El otro libro, ‘Higiene en el verano y de los veraneantes”, tenía un capítulo con ilustraciones para enseñar a nadar; y en el titulado ‘Nociones generales de higiene en el verano’ se refería a los vestidos que había que llevar (sombreros, calzado, ropa interior), a lo que había que comer y beber…. Por ejemplo, el almuerzo de un hombre “de buena constitución y de vida poco agitada” debía consistir en “un par de huevos, dos costillas de cordero o su equivalente, fruta, dulce de compota y queso”. La ropa interior, la que va “pegada al cuerpo”, recomendaba renovarla a menudo y vestirla “con aseo irreprochable”, para contrarrestar así “los defectos de nuestros vestidos exteriores, variables y supeditados a la moda más que a la razón y a las conveniencias higiénicas”.
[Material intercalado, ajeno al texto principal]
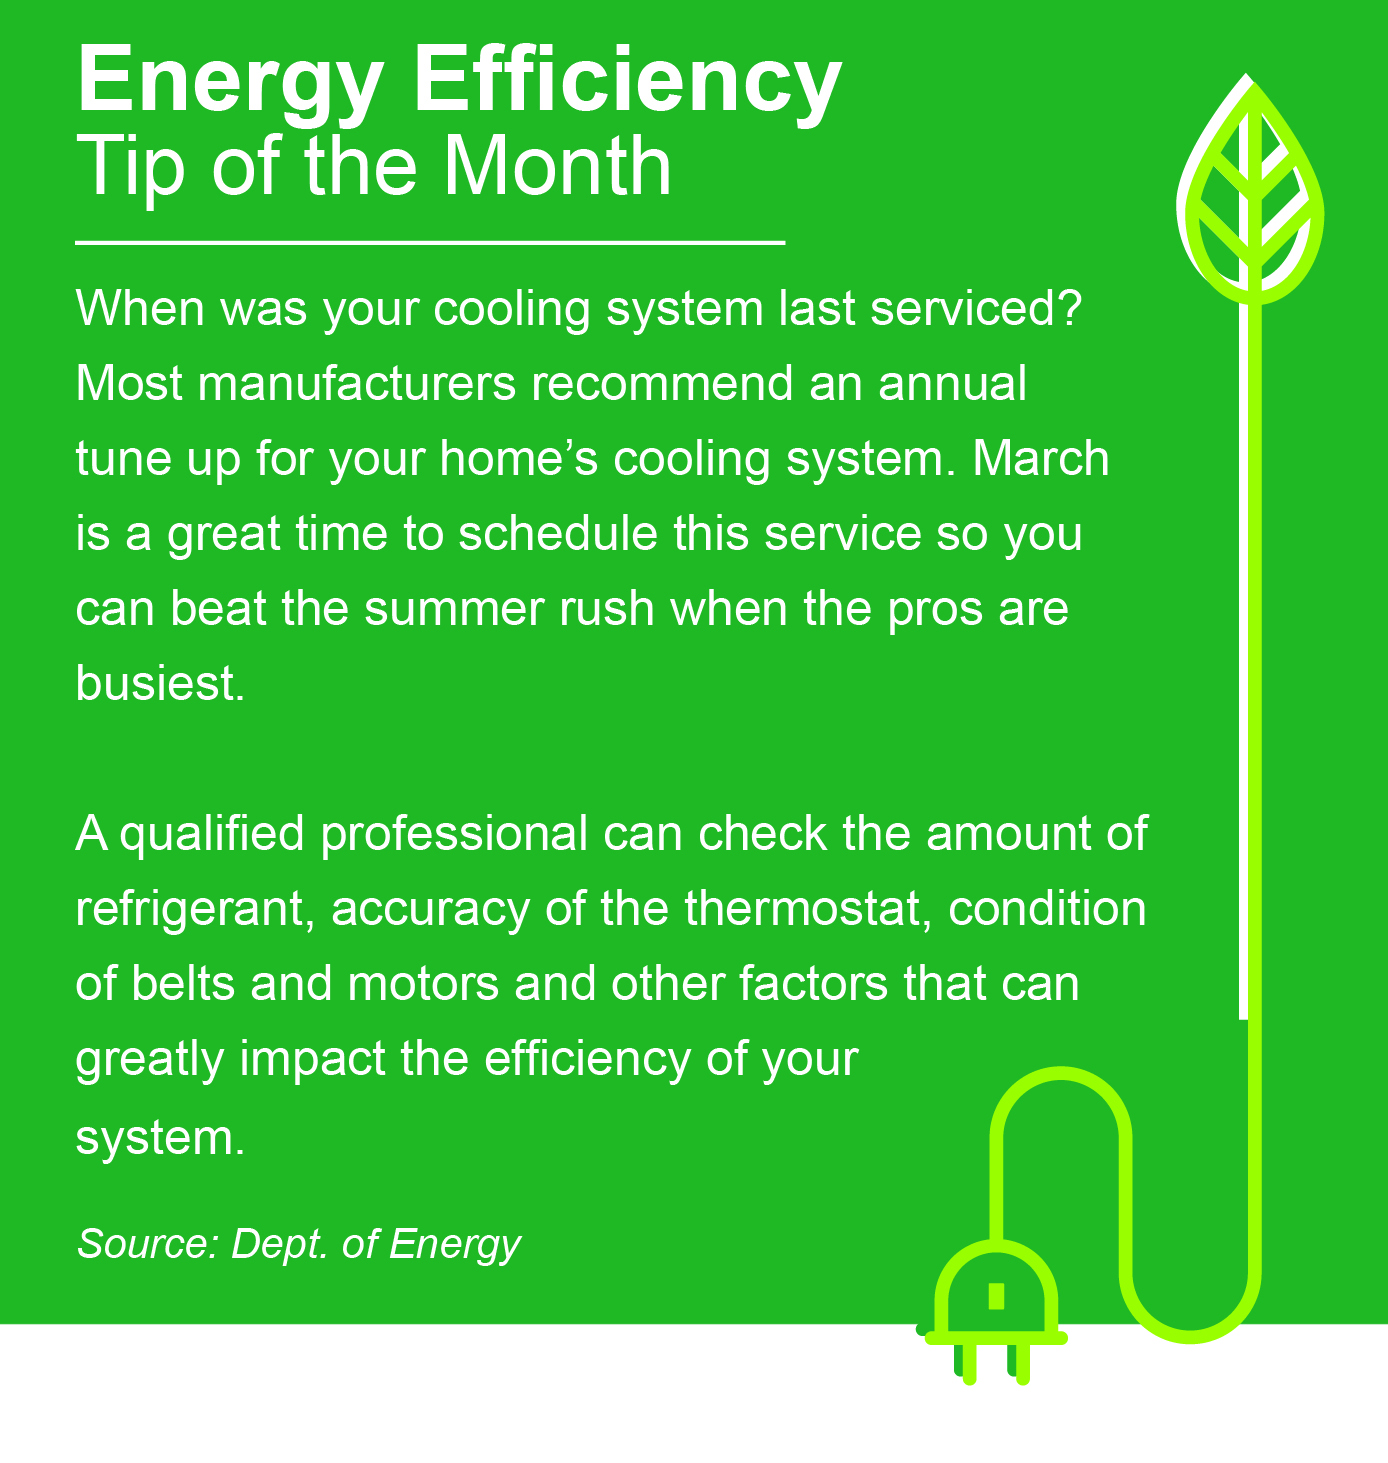 Energy Efficiency Tip of the Month: When was your cooling system last serviced? Most manufacturers recommend an annual tune up for your home's cooling system. March is a great time to schedule this service so you can beat the summer rush when the pros are busiest. A qualified professional can check the amount of refrigerant, accuracy of the thermostat, condition of belts and motors, and other factors that can greatly impact the efficiency of your system. Source: Department of Energy
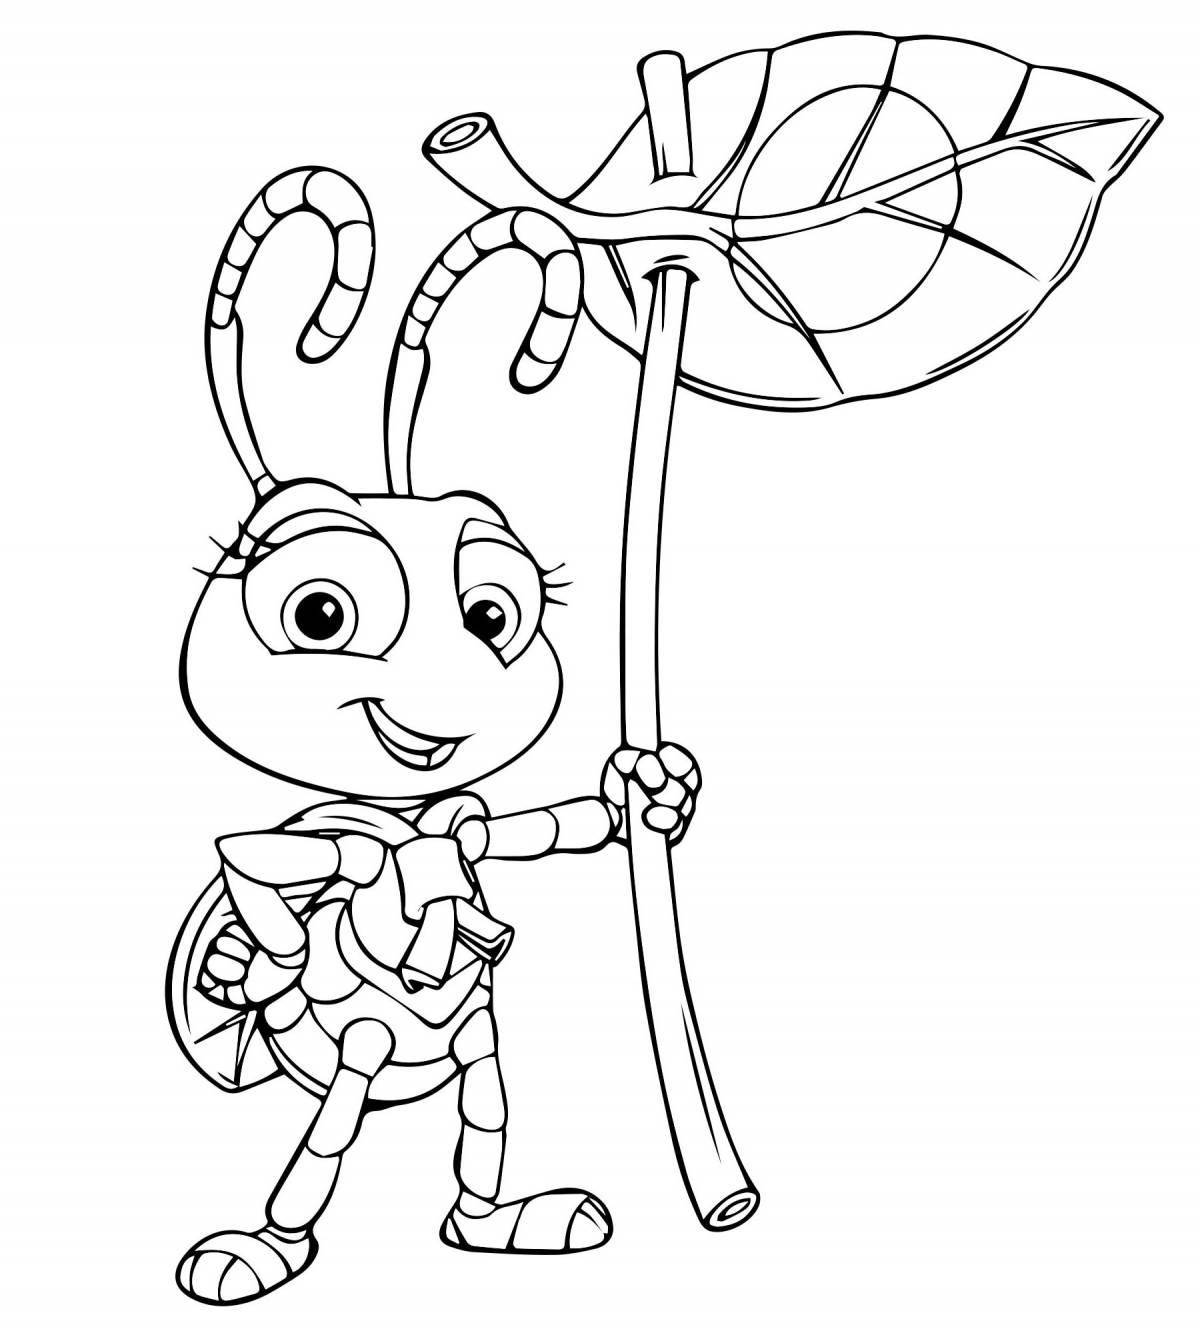 Glowing firefly coloring page

Estos días he estado leyendo otro raro libro sobre higiene. Se trata de ‘Higiene del matrimonio o El libro de los casados… Reglas o instrucciones necesarias para conservar la salud de los esposos, asegurar la paz conyugal y educar bien a la familia’. Lo escribió el doctor Pedro Felipe Monlau y mi edición la publicó Piferrer en Barcelona en 1865. Al ver el índice me fui rápidamente al capítulo de la copulación. ¿Qué se nos diría a mitad del siglo XIX sobre la cópula? Pues que “pasada la fogosidad de la luna de miel o consumido ‘el pan de la boda’… en cuanto al intervalo que debe discurrir ente coito y coito… el esposo ha de preservarse mucho de toda vanidad, y no creer en las paradojas que acerca de este punto oirá referir”. Solon, se nos recuerda, había prescrito a sus conciudadanos en Atenas la satisfacción del débito conyugal tres veces al mes, pero para tranquilidad de sus lectores el autor asegura que “el esposo de 20 a 30 años de edad puede ejercer sus derechos cuatro veces cada semana”; de 30 a 40 años, dos veces por semana; de 40 a 50, una sola vez; y de 50 a 60, una vez cada quince días o cada tres semanas”. A partir de los 60 ya no dice nada, así que pensé: “Melero, date por jodido” (podía haber puesto “Melero estás acabado”, pero juzgué que lo de “jodido” estaría más en consonancia con el tema). Aún era peor lo del doctor Georget, que aseguraba que “el hombre que desea vivir mucho y con salud… debe renunciar a la cópula desde que cumple los 50 años”. Como se ve ni una palabra sobre la sexualidad de las mujeres, que parecían no existir o ser meros instrumentos del placer de los varones.